Published on 03:04 PM, October 01, 2015

Death warrants issued for SQ Chy, Mojaheed

Jamaat-e-Islami leader Ali Ahsan Mohammad Mojaheed (left) and BNP leader Salauddin Quader Chowdhury.

A war crimes tribunal today issued death warrants for BNP leader Salauddin Quader Chowdhury and Jamaat-e-Islami leader Ali Ahsan Mohammad Mojaheed.

Registrar office of the International Crimes Tribunal issued the death warrants a day after it received the copies of the full judgments released by the Supreme Court upholding the death penalty of Mojaheed and Salauddin for committing crimes during the country’s Liberation War in 1971.

The warrants would be sent to the jail authorities and its copies will be forwarded to district magistrates concerned, and both home and law ministries soon, said Shahidul Alam, registrar of the tribunal.

An employee of war crimes tribunal is carrying a death warrant of one of the issued death warrants to send it to authorities concerned and initiate the process of execution.

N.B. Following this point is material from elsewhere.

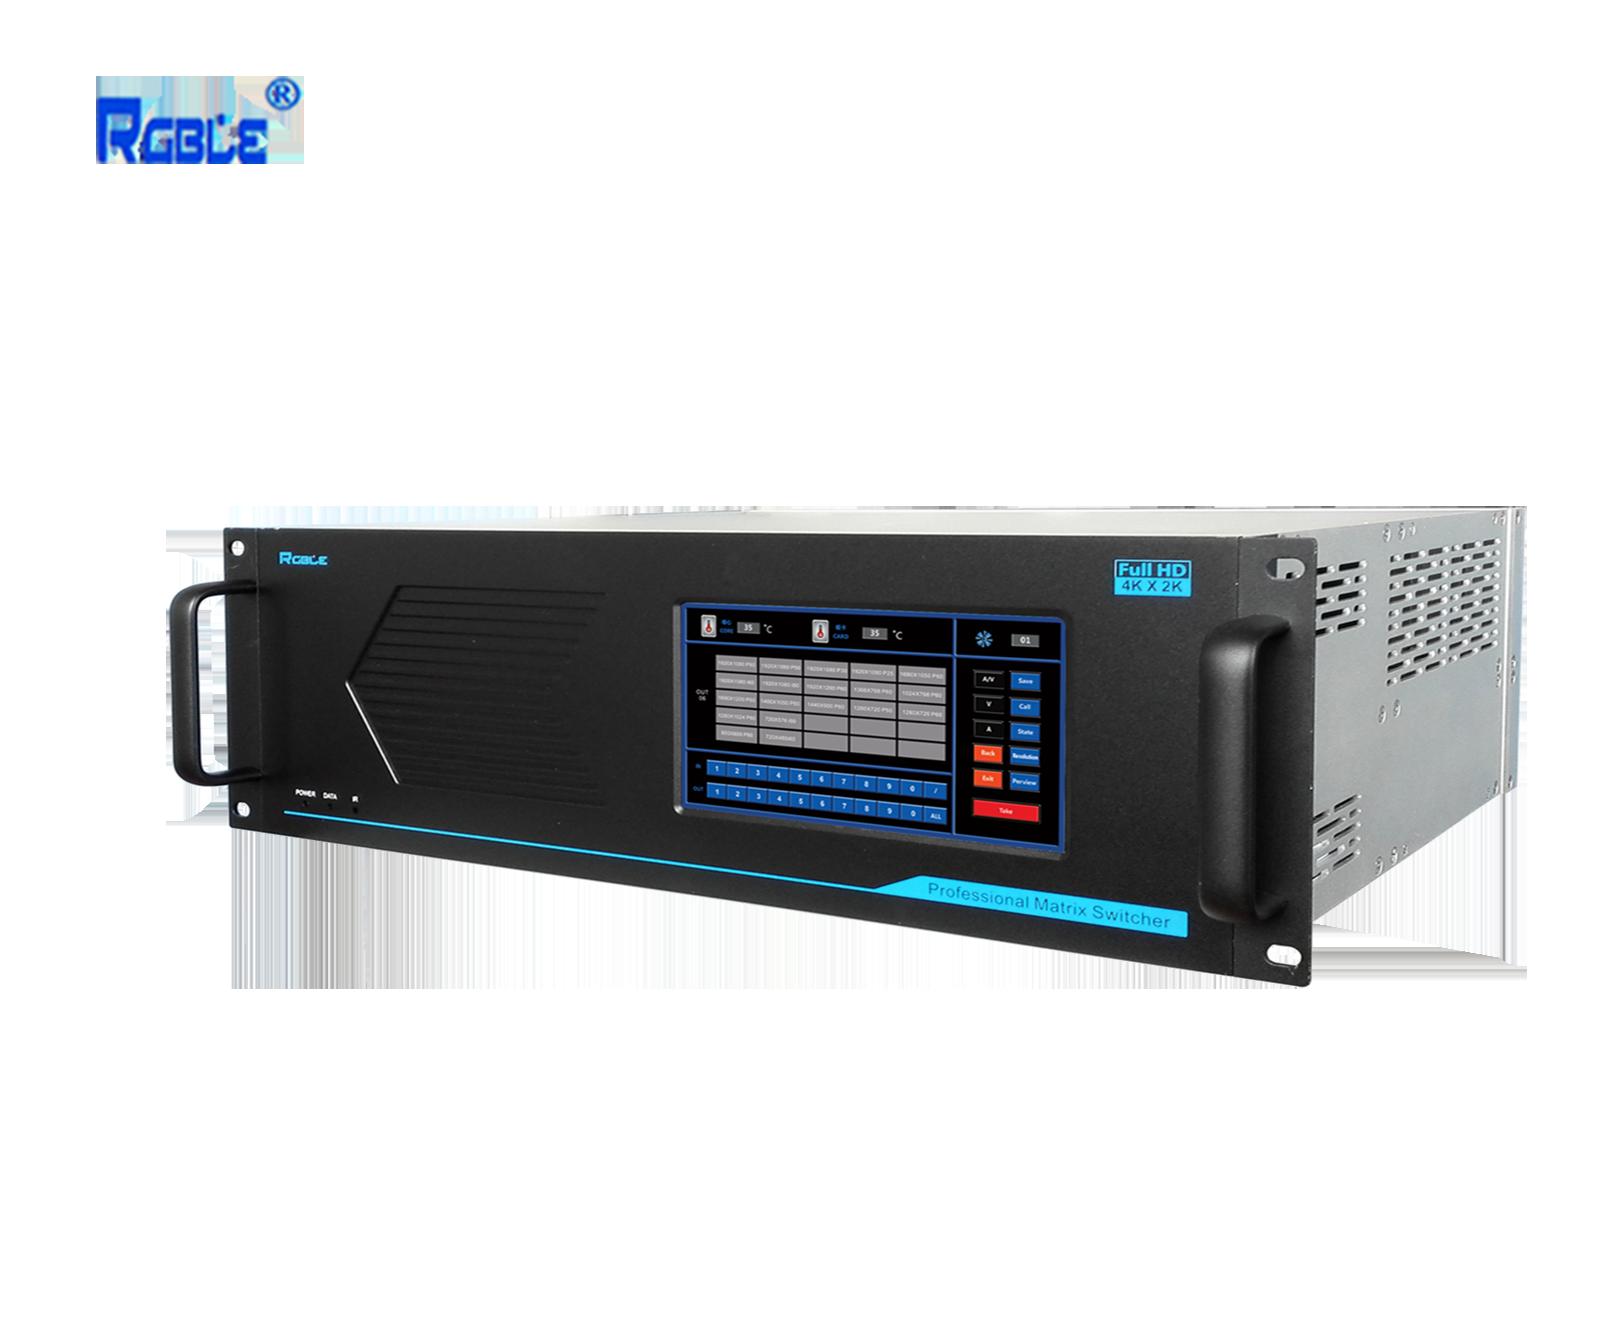 高清混合矩阵MHD-1010S(3.5U)

Photo: Tuhin Shubhra Adhikary

The process will initiate process for execution of the two condemned war criminals.

Around 2:57pm, a four-member delegation led by Pervez Alam, senior law researcher of war crimes tribunal, took the death warrants to Dhaka’s prison superintendent.

Sixty-seven-year-old Mojaheed is now in Dhaka Central Jail while sixty-six-year-old Salauddin is in Kashimpur Jail-1.

In two judgments in June and July this year, the SC affirmed the death penalty of Mojaheed and Salauddin after hearing their appeals against the verdicts of two international crimes tribunals that awarded them capital punishment around two years ago for committing crimes against humanity.

Following the full verdicts, counsels for both Mojaheed and Salauddin, yesterday said their clients would seek review within the 15-day deadline after going through the full verdicts.

According to Attorney General Mahbubey Alam, the SC is likely to hear the review petitions after it reopens on November 1, as there is no urgency to hear those during the vacation.           

The attorney general, however, said there was urgency to hear such petitions, and the apex court could hold the hearing during vacation if it wishes. The SC went on a 44-day annual vacation on September 18 and will reopen on November 1.